Friday 25 September 2020

today's drawing


 It had been my intention to curl up on the settee yesterday evening, when the street lamp had lit, with my notebook of gridded paper to make a drawing therein, but when the hour presented itself, the street lamp glowing beyond the window, my notebook to hand, I could not muster the enthusiasm, or the will. My partner was working a late shift; I knew that he would not return to the house until after ten pm, the evening stretched ahead, my inclination to work was absent.

Instead of drawing, I found myself seated at the piano, which I had not touched all day. Lifting the lid of my beautiful piano is always a joy; each night, before I retire, I close the lid, each day that comes I open it, if only to see the lovely word Knight emblazoned just above the keyboard in elegant gold letters. A photographic portrait of my father hangs on the wall just to the right of the piano; it depicts my father at home in his garden. I remember taking the photograph in the Autumn before he died, nine years ago. The piano had been his possession, chosen from a showroom of pianos for it's bright, clean sound. To my father's acute ear, all the other pianos seemed 'woolly'; 'Knight' had and still has a voice that resonates like a crystal bell, a clear, penetrating yet melodious voice.Knight was the piano that I learned to play on, and has been a family member since the late 1960s.

It comforts me to see my father's smiling face; his kindly eyes meeting mine as it were; I feel his presence when I am playing, indeed he is never very far away, catching up with me when I am out walking, entering my dreams at night.

Just above the piano there hangs another photograph- of the three kittens, Minos, Silas and Mimas, taken by my partner shortly after we discovered that there was a litter of kittens sharing our estate at the lodge.These two portraits are precious to me, as is the lovely piano; when I sit down to play, I feel as though I am embraced, the world takes on a more stable aspect, even though most of  the characters portrayed in the photographs are gone, as indeed is our life at the lodge in Hampshire.Until hanging the photograph of my father beside the piano, and then the photograph of the kittens above, I had thought that photographs were rather melancholy, they evoked pain, the pain of loss, for the moment that is caught on camera passes with the blink of an eye, the click of the shutter, is lost forever, constitutes a small death.I shall never again hear my father's voice, with it's soft Sussex burr, his smiling eyes shall never smile upon me again, but I have the photograph, I remember how the skin crinkled around his eyes when he smiled at me on that balmy Autumn afternoon in the garden, where we had sat, my mother, my father and myself to take tea after our labours, which is when the photographic image of him was captured.

In the evening, then, yesterday evening, I played the piano, Chopin; although most of the preludes are beyond my scope as a pianist, there are some that I feel I may be able to learn, and so in my solitude, I opened the book at number Prelude number 2 and began to practise.

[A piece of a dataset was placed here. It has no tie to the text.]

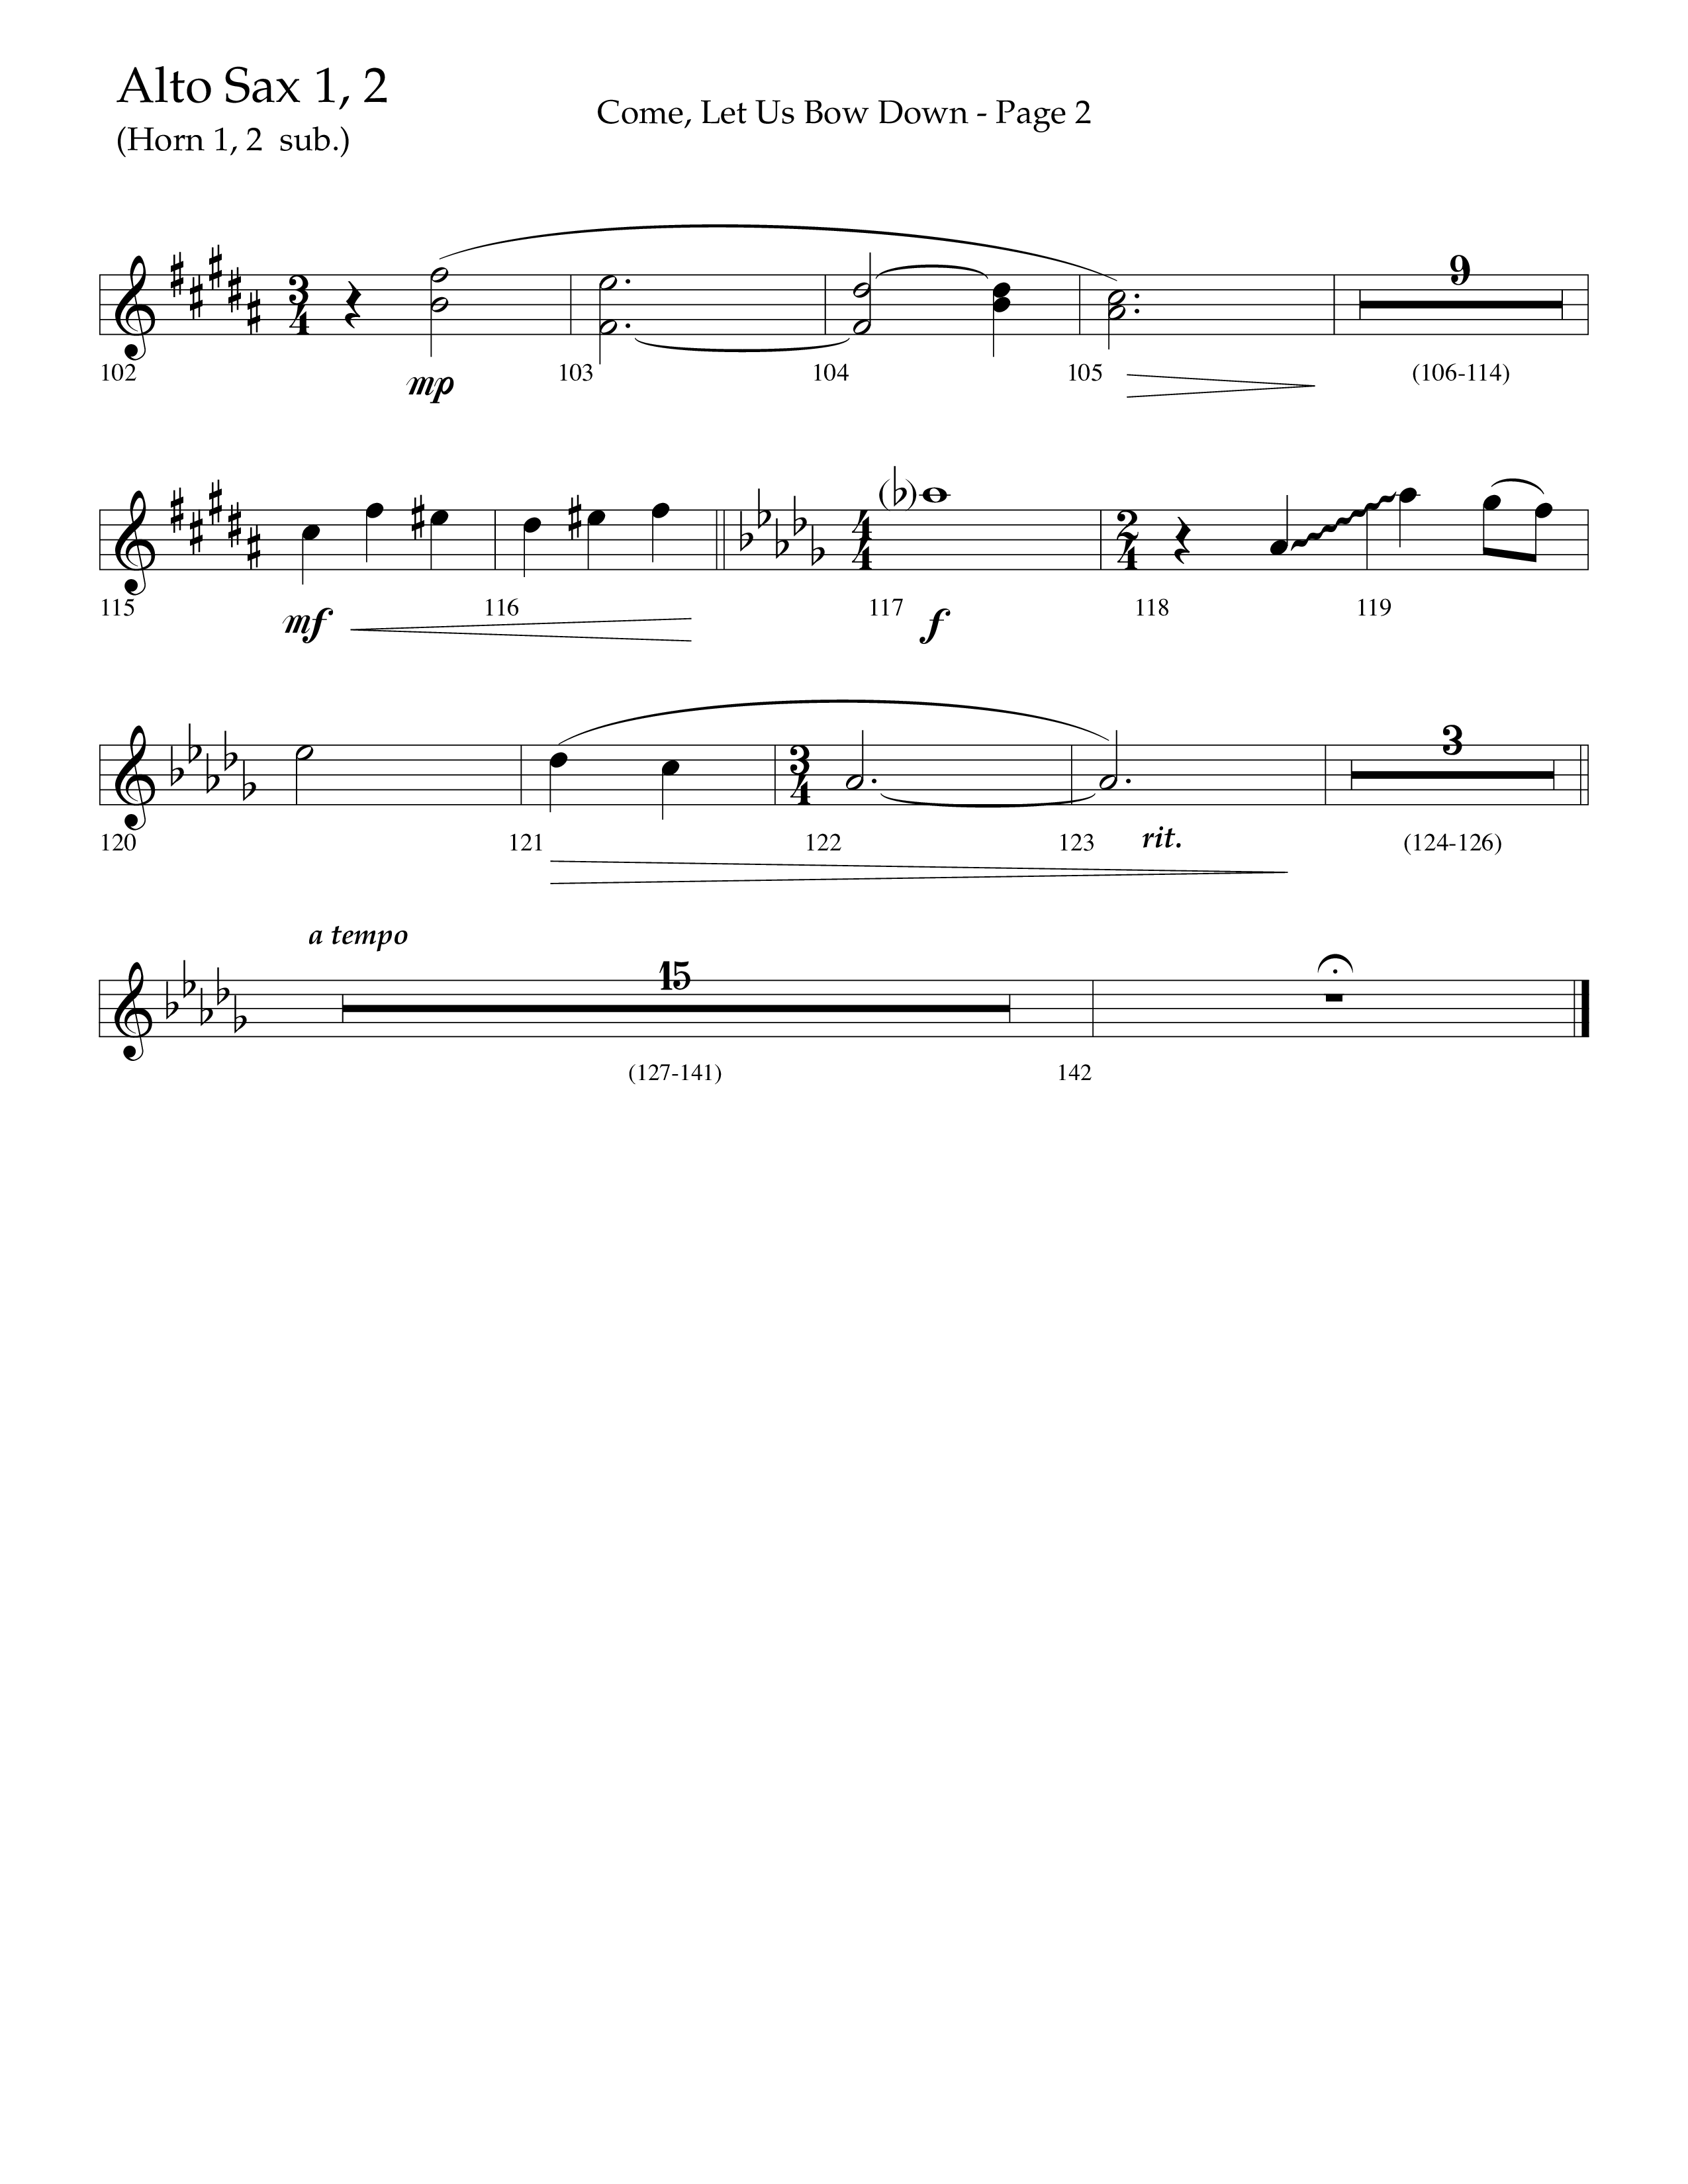 Come Let Us Bow Down (Choral Anthem SATB) Alto Sax 1/2 (Lifeway Choral / Arr. Cliff Duren)

Number 2 is, like number 20, most affecting, difficult to play effectively, and I am not sure about the use of the pedal- I need advice. Perhaps the time has come for piano lessons. I remember Mrs Hilda H Price ( I always wondered what the second H stood for) who taught me from the age of seven until I was thirteen, she told me that I would never make a concert pianist, but that I was a born teacher- how could she know? Yet she proved to be mistaken in that assertion, for I cannot teach; I seem to have no ability for that vocation. I had once hoped that I could support my work by teaching, indeed once had a passion to teach , but my life has taken a different turn. 

This morning, a fine, bright, blowy morning, with the wind gusting determinedly from the North, I take myself in hand, so to speak, and begin the drawing shown above. It belongs firmly with those preceding it; I seem to be working as is customary, on a long series of drawings with like palette. I remain at a loss for a title; whilst the words 'safe' and 'longing' were prevalent in my mind when I began the series, they have disappeared; maybe when I group the drawings together and see them all as part of a greater whole, a title will arise in my thoughts. Titling the 'grid drawings is one of my pleasures; as noted before, I often write titles in the front of the notebook so that I do not forget them. This evening, and another late shift for my partner- do I play the piano, or do I draw? As yet I am undecided, but the choice before me is far from onerous, I am thankful to be in the position to make it.